# Standardization and Normalization

This note covers two important data scaling techniques: **Standardization** and **Normalization**. These methods are used to adjust the range and distribution of data features, which is crucial for many machine learning algorithms.

---

## 1. Introduction

- **Standardization** rescales data to have a mean of 0 and a standard deviation of 1. It is especially useful when data is approximately normally distributed.
- **Normalization** scales data to a fixed range, usually [0, 1]. It is often used when the distribution is unknown or not Gaussian.

---

## 2. Standardization | [Link](https://github.com/AdilShamim8/50-Days-of-Machine-Learning/tree/main/Day%2008%20Standardization)

### 2.1. What is Standardization?

Standardization (or Z-score normalization) transforms your data so that it has:
- A mean (μ) of 0
- A standard deviation (σ) of 1

This process ensures that each feature contributes equally to the model.

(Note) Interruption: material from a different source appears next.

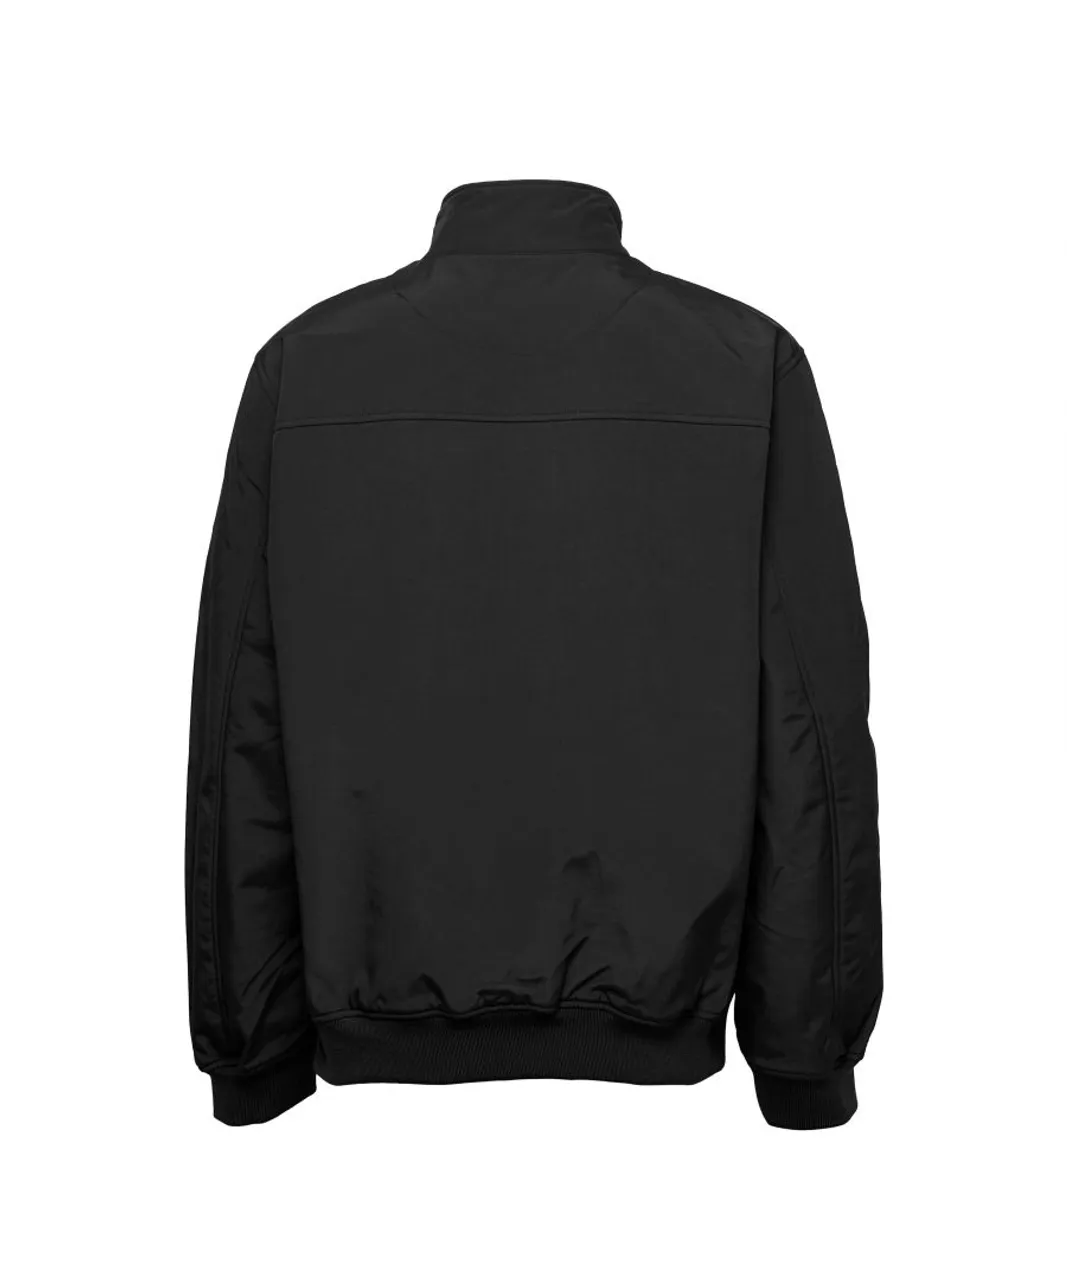 Lyle & Scott Mens Fleece Lined Funnel Neck Jacket in Black

### 2.2. Step-by-Step Process for Standardization

**Step 1:** **Calculate the Mean**  
Compute the mean of the dataset:
$$
\mu = \frac{1}{n}\sum_{i=1}^{n} x_i
$$

**Step 2:** **Calculate the Standard Deviation**  
Determine the standard deviation:
$$
\sigma = \sqrt{\frac{1}{n}\sum_{i=1}^{n}(x_i - \mu)^2}
$$

**Step 3:** **Transform the Data**  
Standardize each data point using:
$$
z = \frac{x - \mu}{\sigma}
$$

### 2.3. Python Example with NumPy

```python
import numpy as np

# Sample data
data = np.array([10, 20, 30, 40, 50])

# Step 1: Calculate mean
mean = np.mean(data)
print("Mean:", mean)

# Step 2: Calculate standard deviation
std = np.std(data)
print("Standard Deviation:", std)

# Step 3: Standardize the data
standardized_data = (data - mean) / std
print("Standardized Data:", standardized_data)
```

### 2.4. Using Scikit-Learn's StandardScaler

```python
from sklearn.preprocessing import StandardScaler
import numpy as np

# Data needs to be a 2D array (e.g., one feature per column)
data = np.array([[10], [20], [30], [40], [50]])

scaler = StandardScaler()
standardized_data = scaler.fit_transform(data)
print("Standardized Data using StandardScaler:")
print(standardized_data)
```

---

## 3. Normalization | [Link](https://github.com/AdilShamim8/50-Days-of-Machine-Learning/tree/main/Day%2009%20Normalization)

### 3.1. What is Normalization?

Normalization rescales the data to a fixed range, most commonly [0, 1]. This is useful when your data does not follow a Gaussian distribution or when you want to bound all features within the same range.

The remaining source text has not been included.